### Exercise data:
◆ ◆ ◆ ◆ ◆

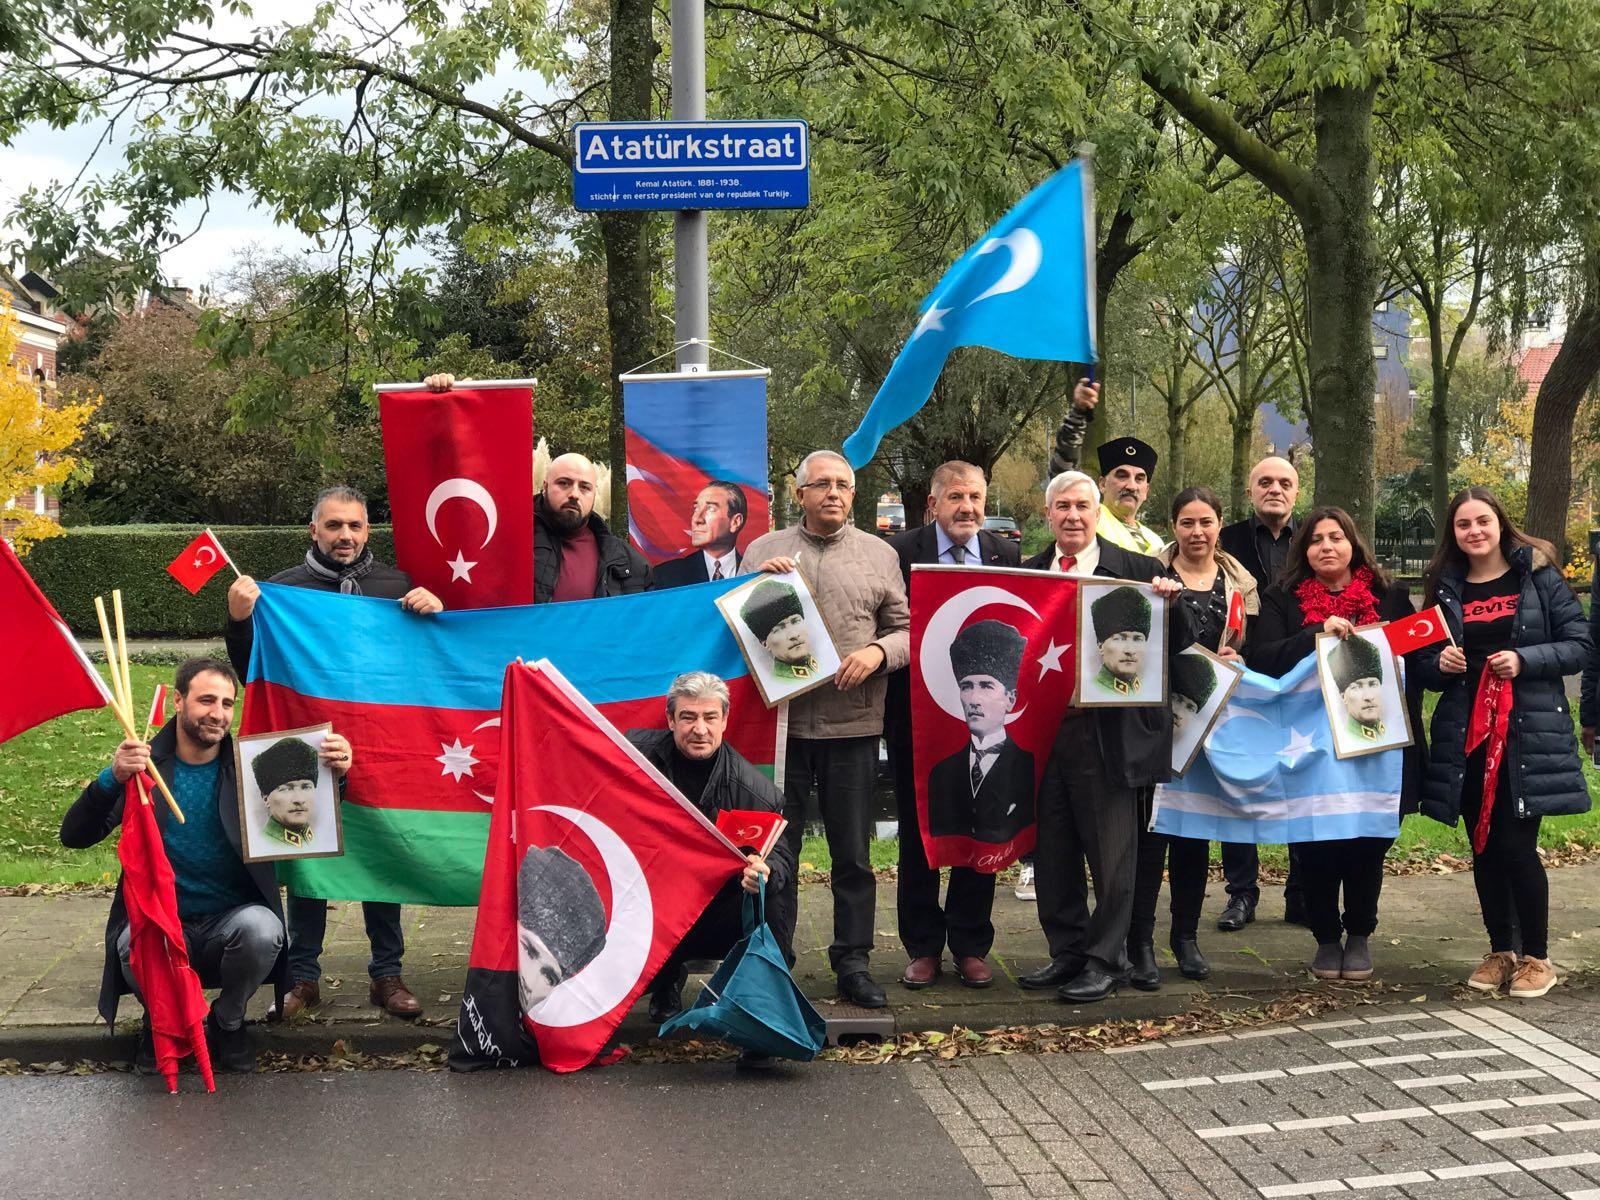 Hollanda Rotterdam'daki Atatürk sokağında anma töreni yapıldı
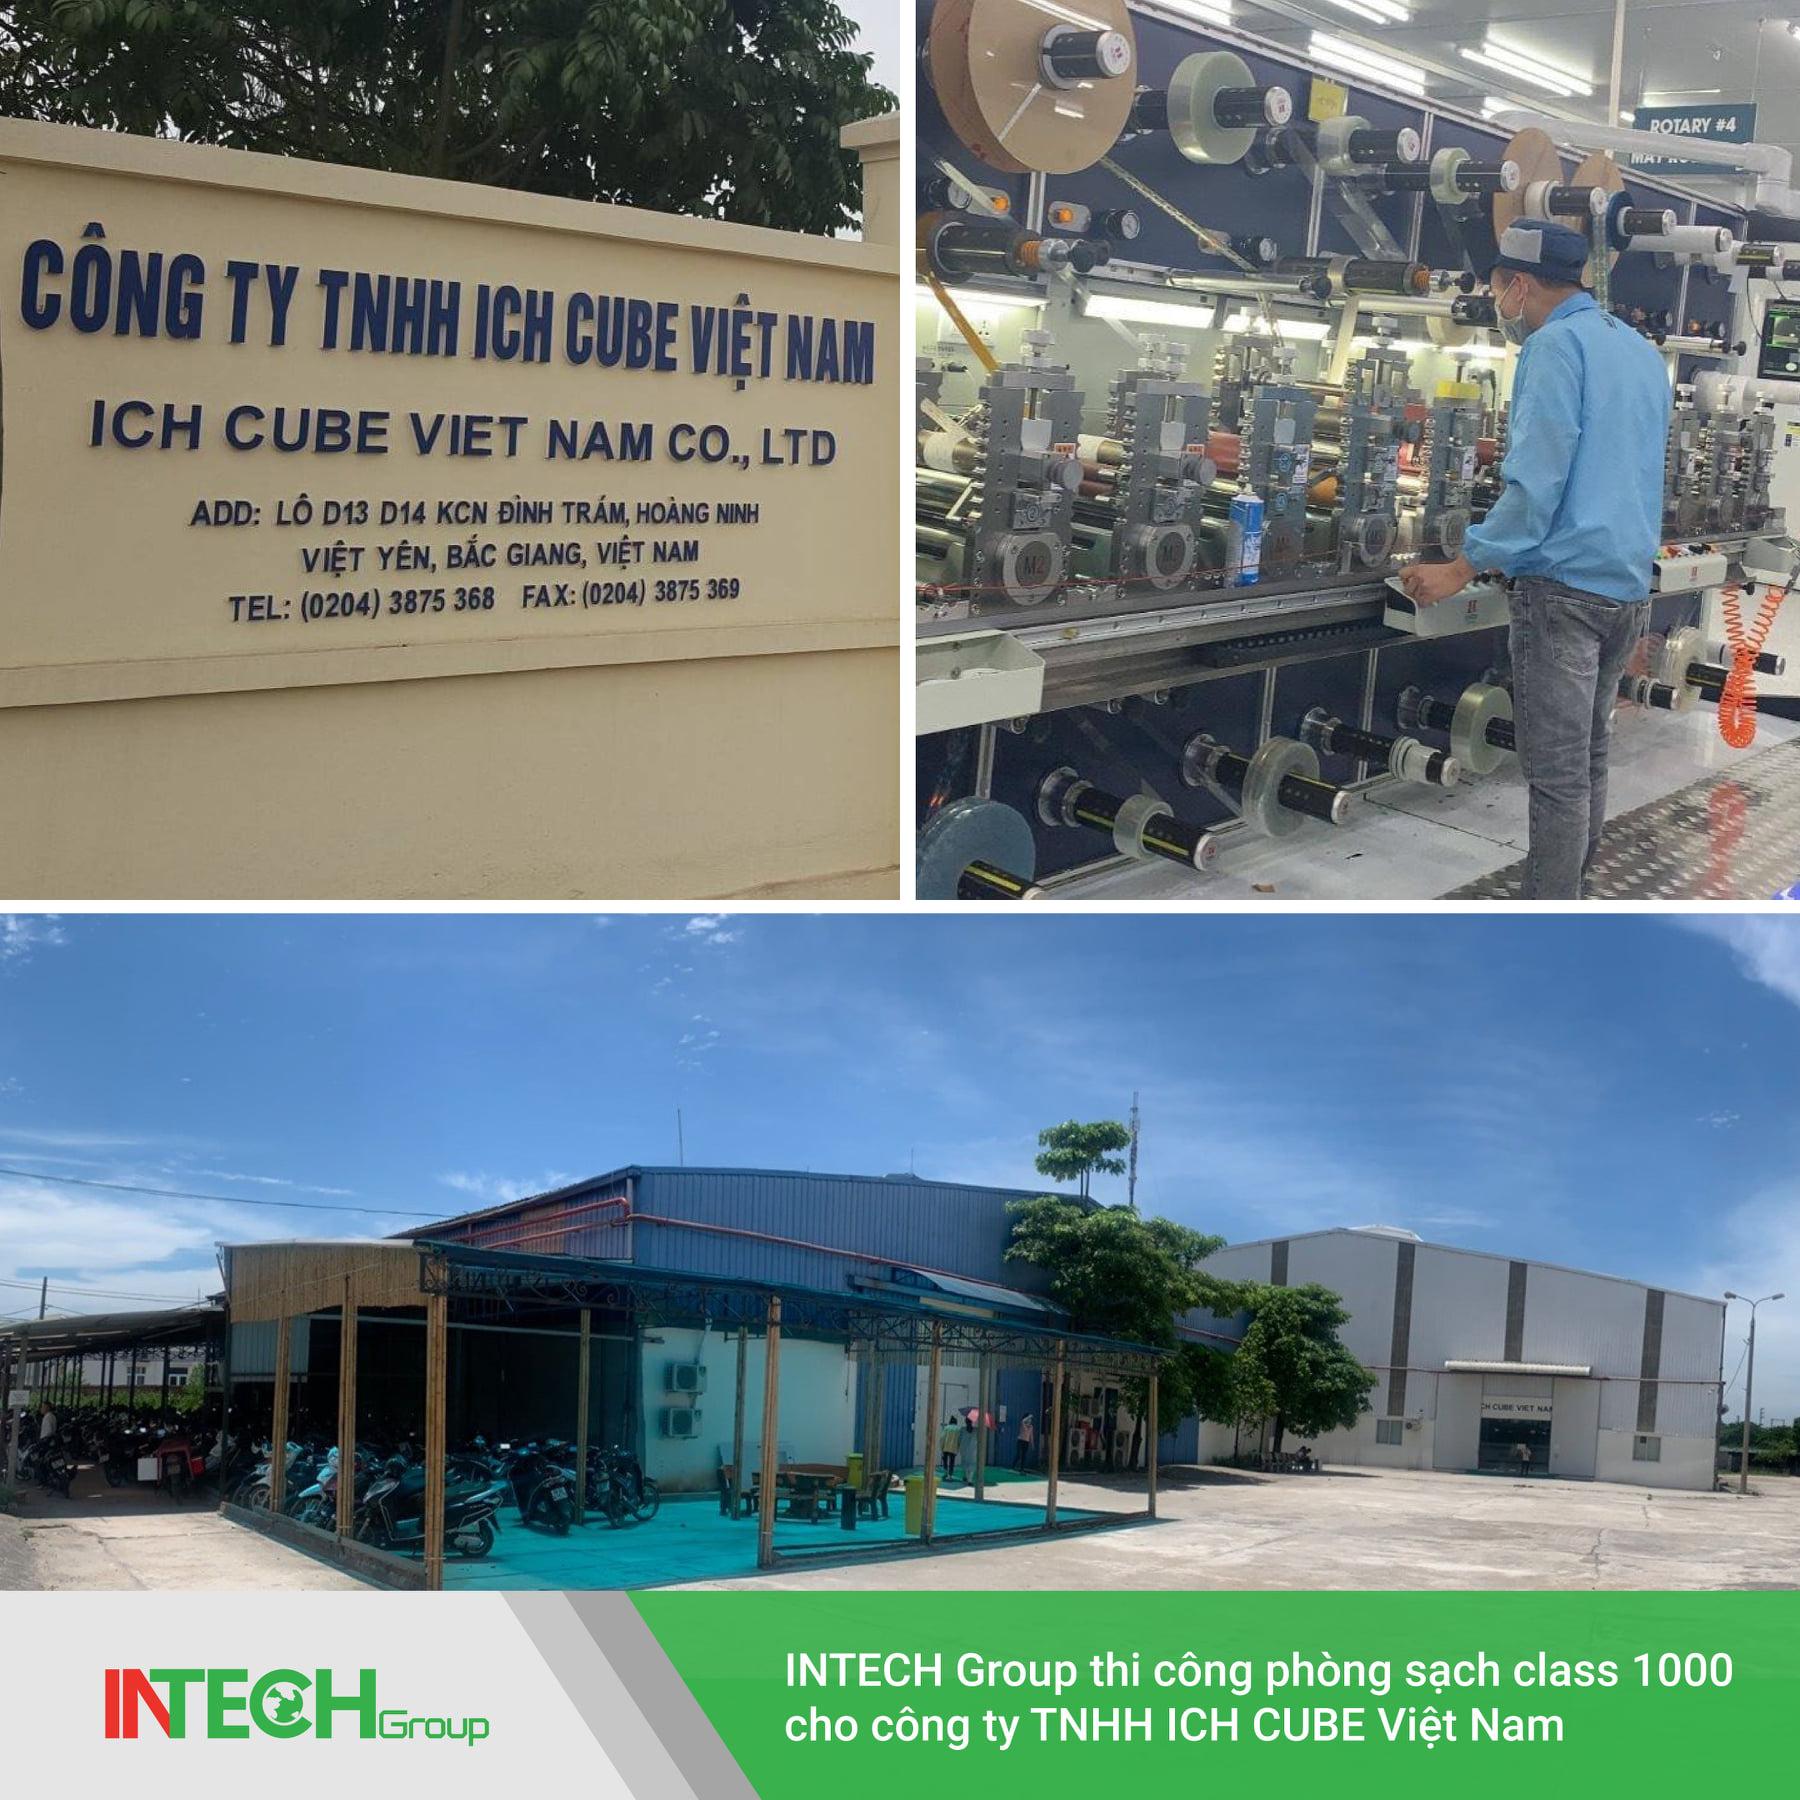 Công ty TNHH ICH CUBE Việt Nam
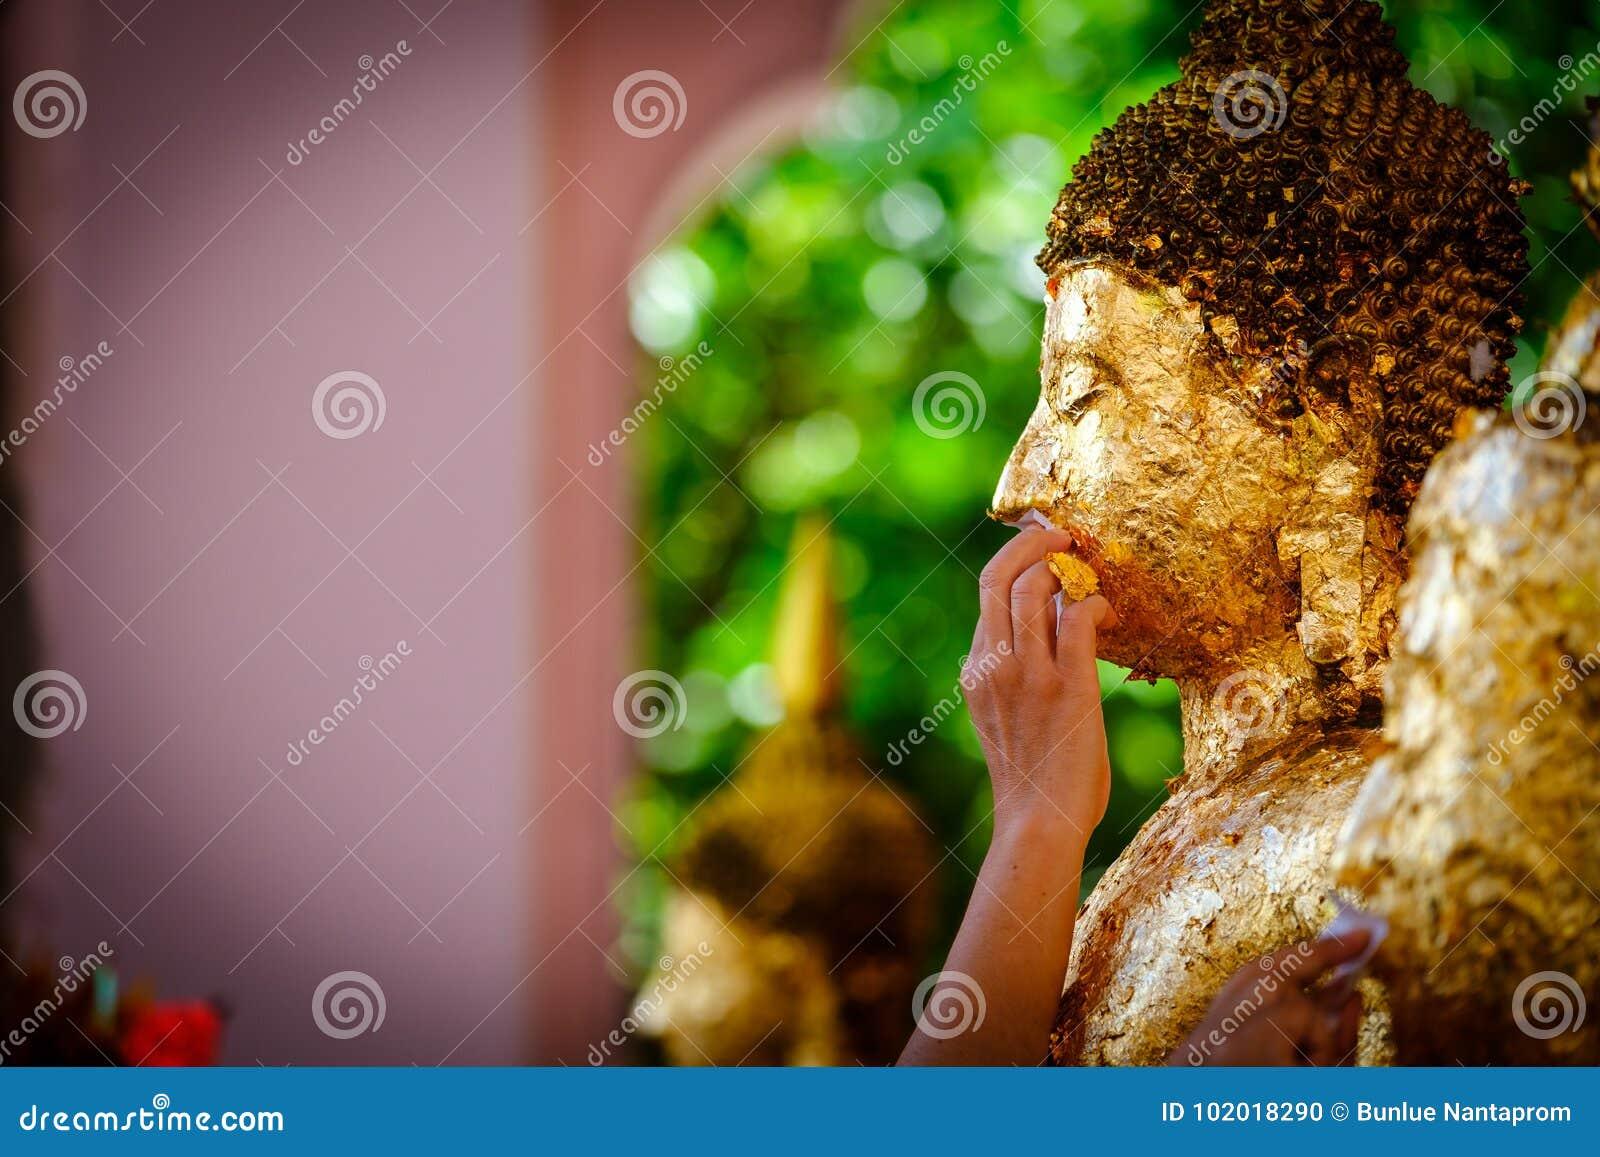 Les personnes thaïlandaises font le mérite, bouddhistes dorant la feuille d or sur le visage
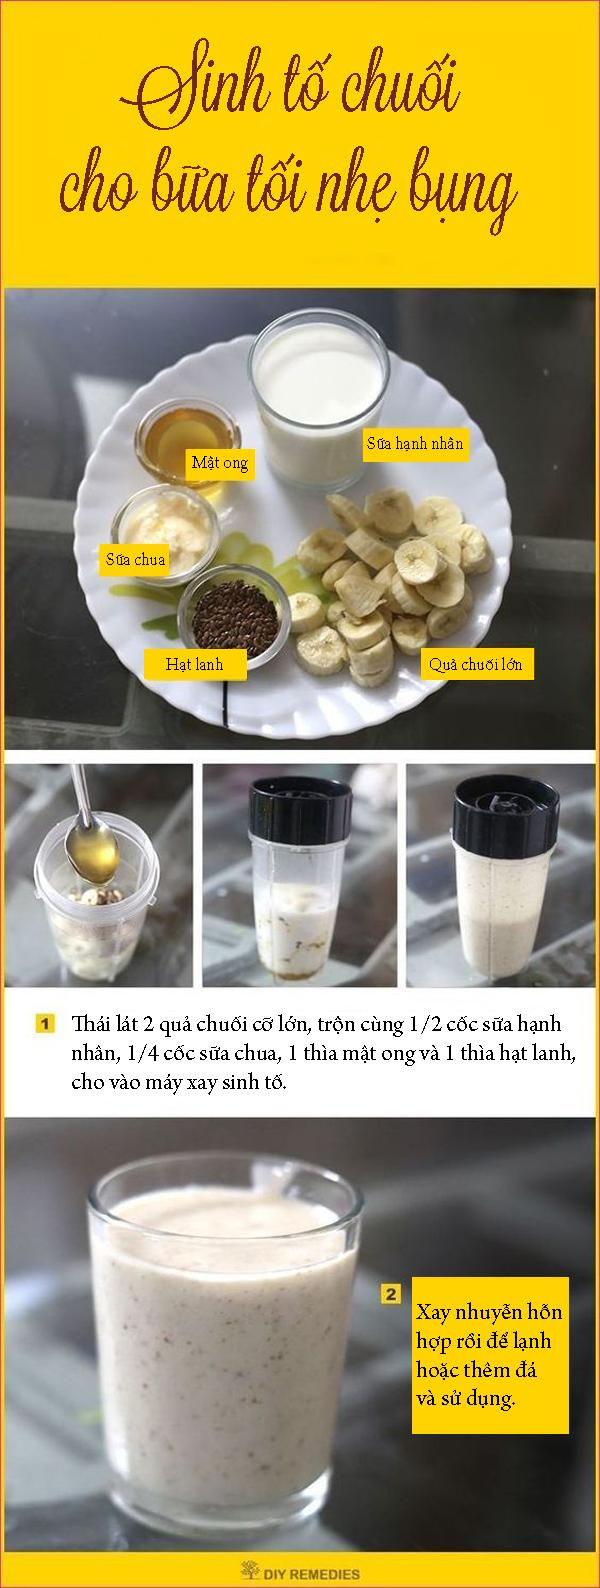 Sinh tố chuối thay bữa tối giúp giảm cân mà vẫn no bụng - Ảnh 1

◆ ◆ ◆ ◆ ◆

### Exercise directions:
"Công ty TNHH ICH CUBE Việt Nam" marks the first line to copy; copy that line and every line after it through the last line of the listing, exactly and without pictures.

### Response:
 Công ty TNHH ICH CUBE Việt Nam
 Les personnes thaïlandaises font le mérite, bouddhistes dorant la feuille d or sur le visage
 Sinh tố chuối thay bữa tối giúp giảm cân mà vẫn no bụng - Ảnh 1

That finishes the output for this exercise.